Let's first say, I know I'm often responding here to questions or subjects raised on N's blog.
I appreciate his honesty, and willingness to declare out there in the blogosphere how he sees things, and explore, and even occasionally amend, his reasoning for those perspectives.
And, he gets me thinking.
His
Safer Sex posts have been interesting- as are the discussions that followed them. N.'s sexual practices, and his assessment (or rationalization) of the health risks of sexual contact with multiple new partners raised some hackles.
I generally agree with his perspective, primarily that oral sex without protection is
not prohibitively risky, not that it doesn't have risks. I will also say I am relieved that I am not driven to want or need many new partners- I'm glad the question of risk of STI (or pregnancy) isn't central to my thoughts these days... even if I am not entirely free of all risk.
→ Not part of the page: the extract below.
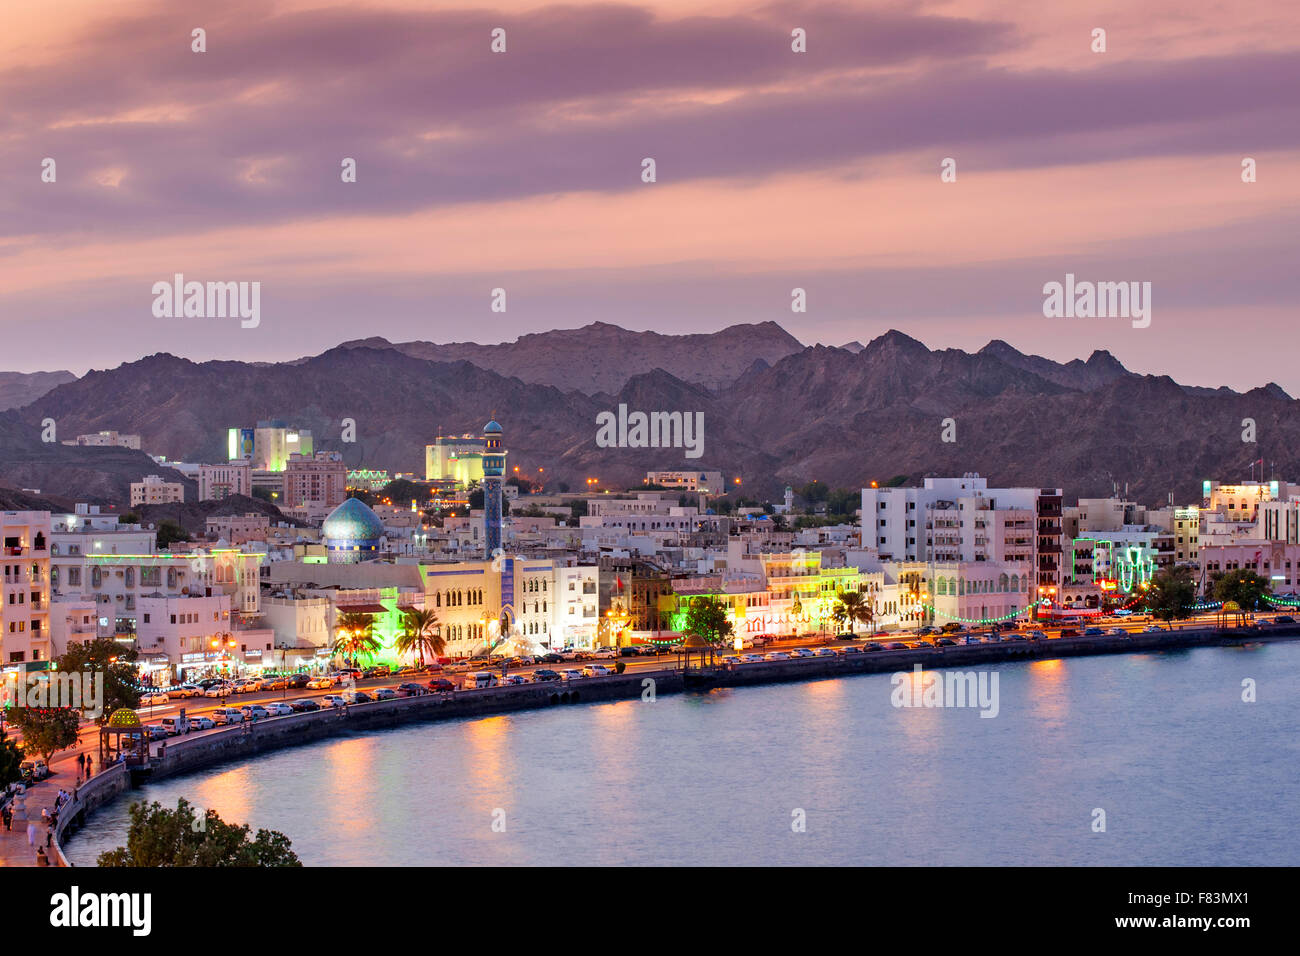 Blick auf die Corniche Mutrah Dämmerung und die umliegenden Berge in Muscat, der Hauptstadt des Sultanats Oman. Stockfoto
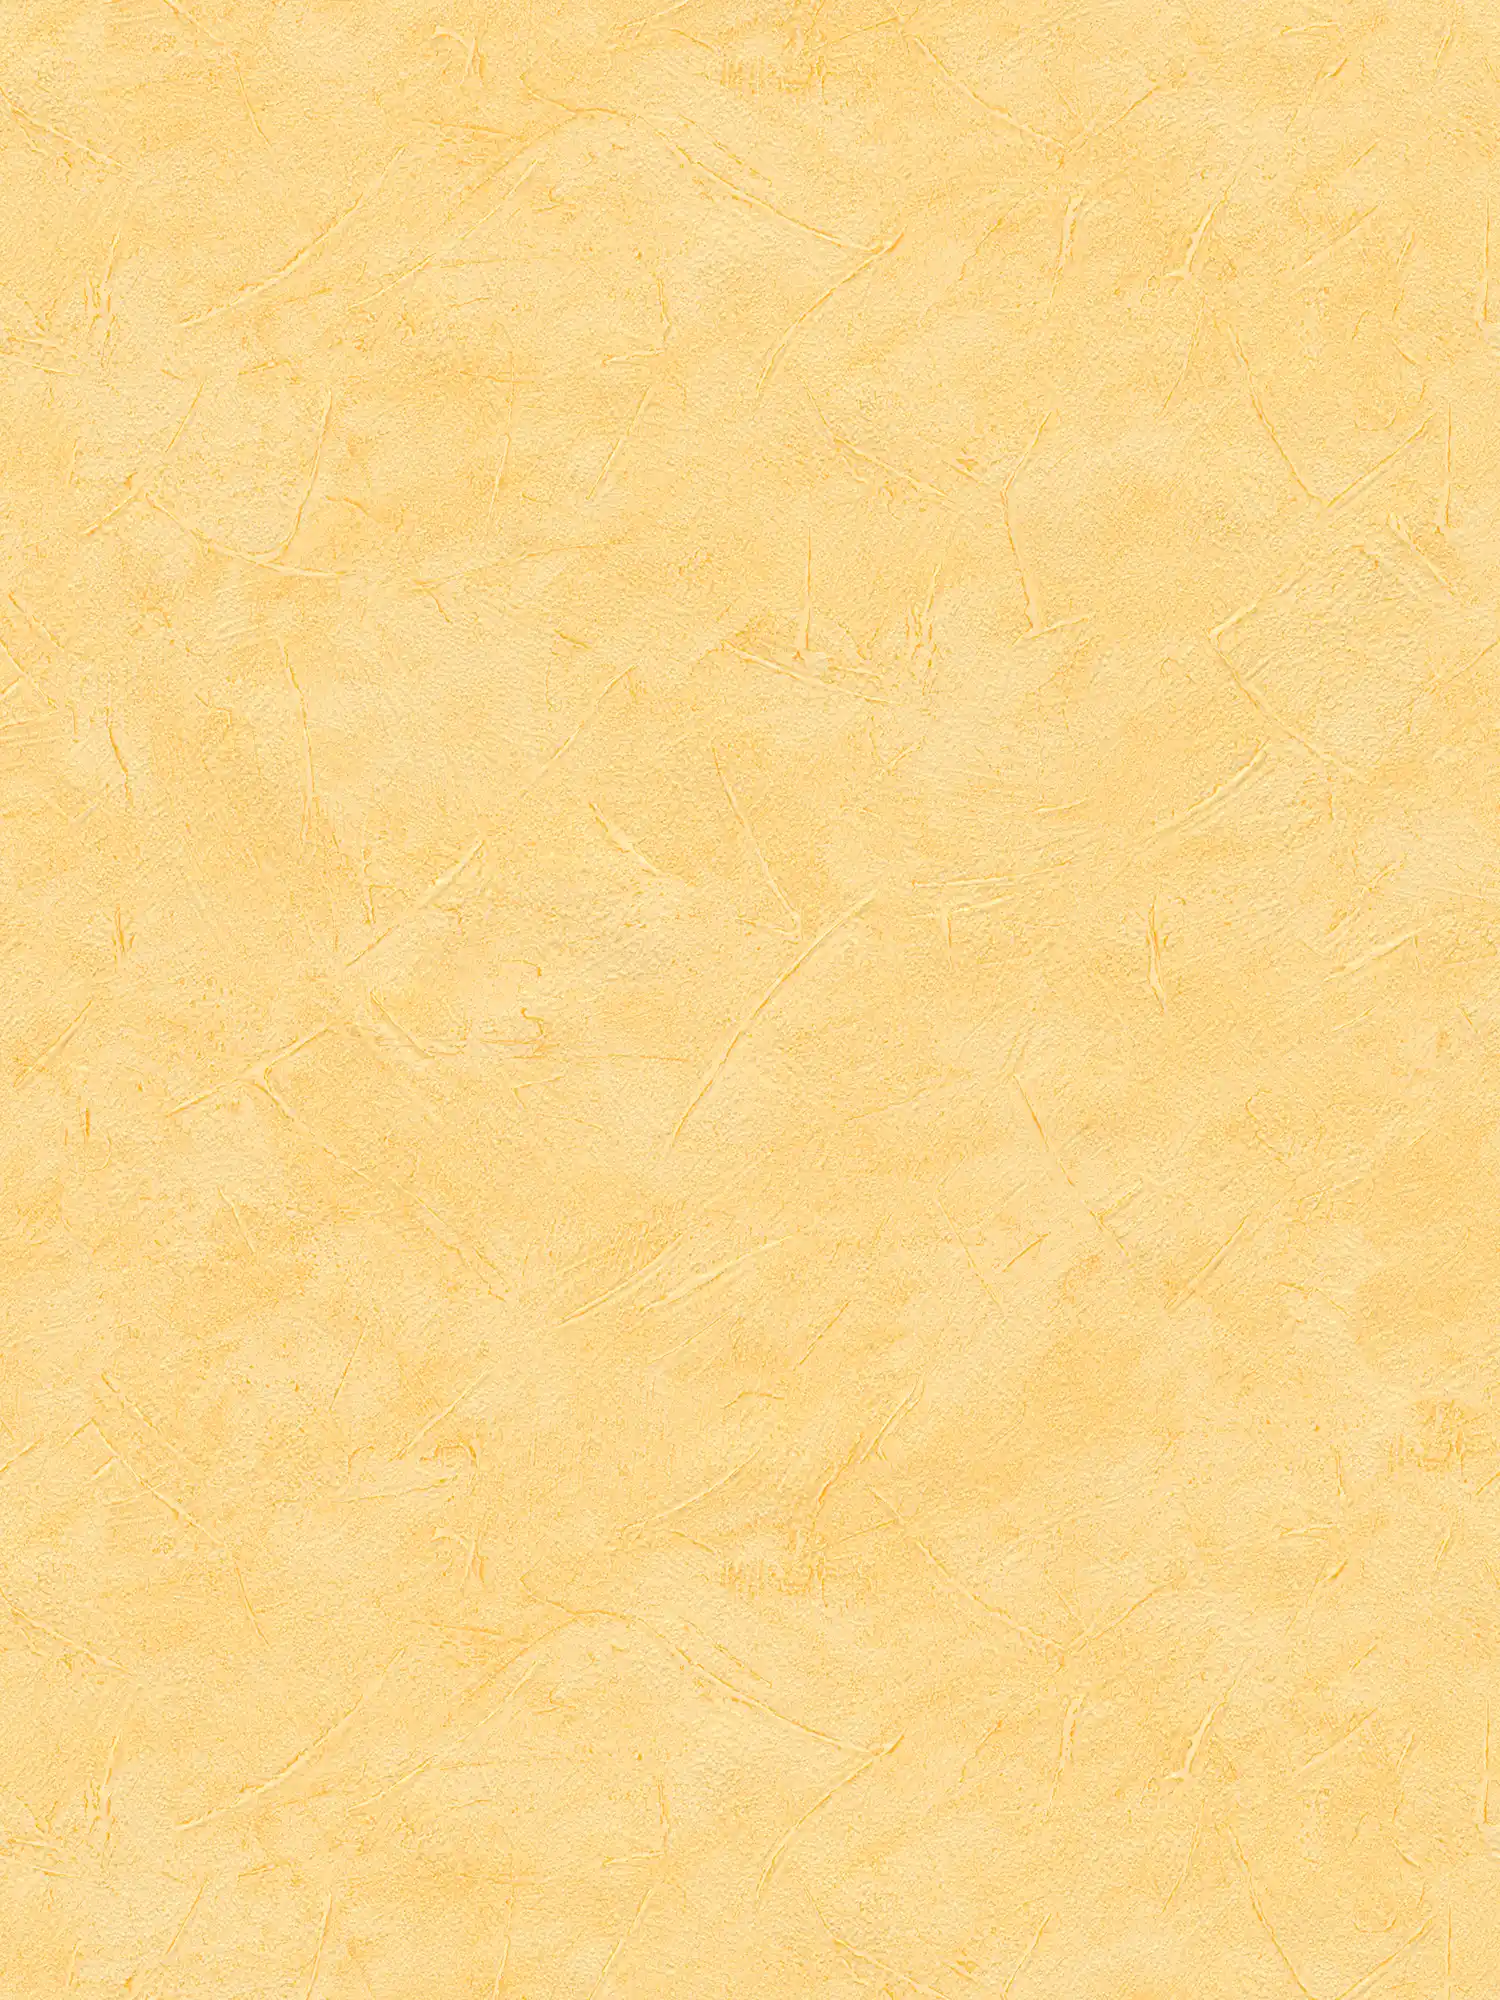 Gipsbehang veeggips geel uni met structuurpatroon

And please use sound judgement for yourself, with all the attendant personal considerations well considered.
One of the last points he made, that people no longer feel at risk when they are in committed monogamous relationships, was not well received. But it seemed to me a "shoot the messenger" kind of reception.
Infidelity happens to other people, right? The thought that we may not be safe from all risk when we are home in our own beds with a committed partner is threatening, no?
Statistically,
30-60% of married individuals will engage in infidelity during the duration of their marriages. This number is probably conservative, and doesn't include the many nominally monogamous relationships between unmarried people. And all those adulterous partners? In theory they're out there fucking other people too...It evokes those old
Faberge Organics shampoo commercials (OMG it's Heather Locklear) you know, "she tells two friends, and she tells two friends, and so on and so on" and suddenly the screen is exponentially full of shiny-haired girls. I get visions of multiplying sex partners that creep me out just a little. Obviously we marrieds are not immune to risk.
While I know the definition of monogamy, in practice it is not always quite so perfect. I've been married for thirteen years. We've both had at least one other partner in that time, sometimes openly, other times not necessarily. Does this mean I'm no longer in a monogamous relationship?? Maybe... depending on the precision with which you use the word. Do we consider ourselves monogamous? At this point, yes. And truly, in spite of brief flirtations with the world of polyamory or whatever the fuck label I'd need to put on the
adventures I had with N, I feel like we've been pretty true to each other.
As far as I know, we were 100% monogamous for at least 14 years (we were together for a couple of years before we got married). But the longer I'm married, the older I get, the more compassion and understanding I feel for all of us.
Monogamy
looks more and more like an unnatural state- all across the spectrum of life- a fascinating discovery. Is it any wonder that in spite of our best efforts, we sometimes fail?
So, do my husband and I, in our monogamous relationship, practice unsafe sex? Hell yes.
Is it a risk, even a little one? Sure, but honestly, it's one I'm happy to take.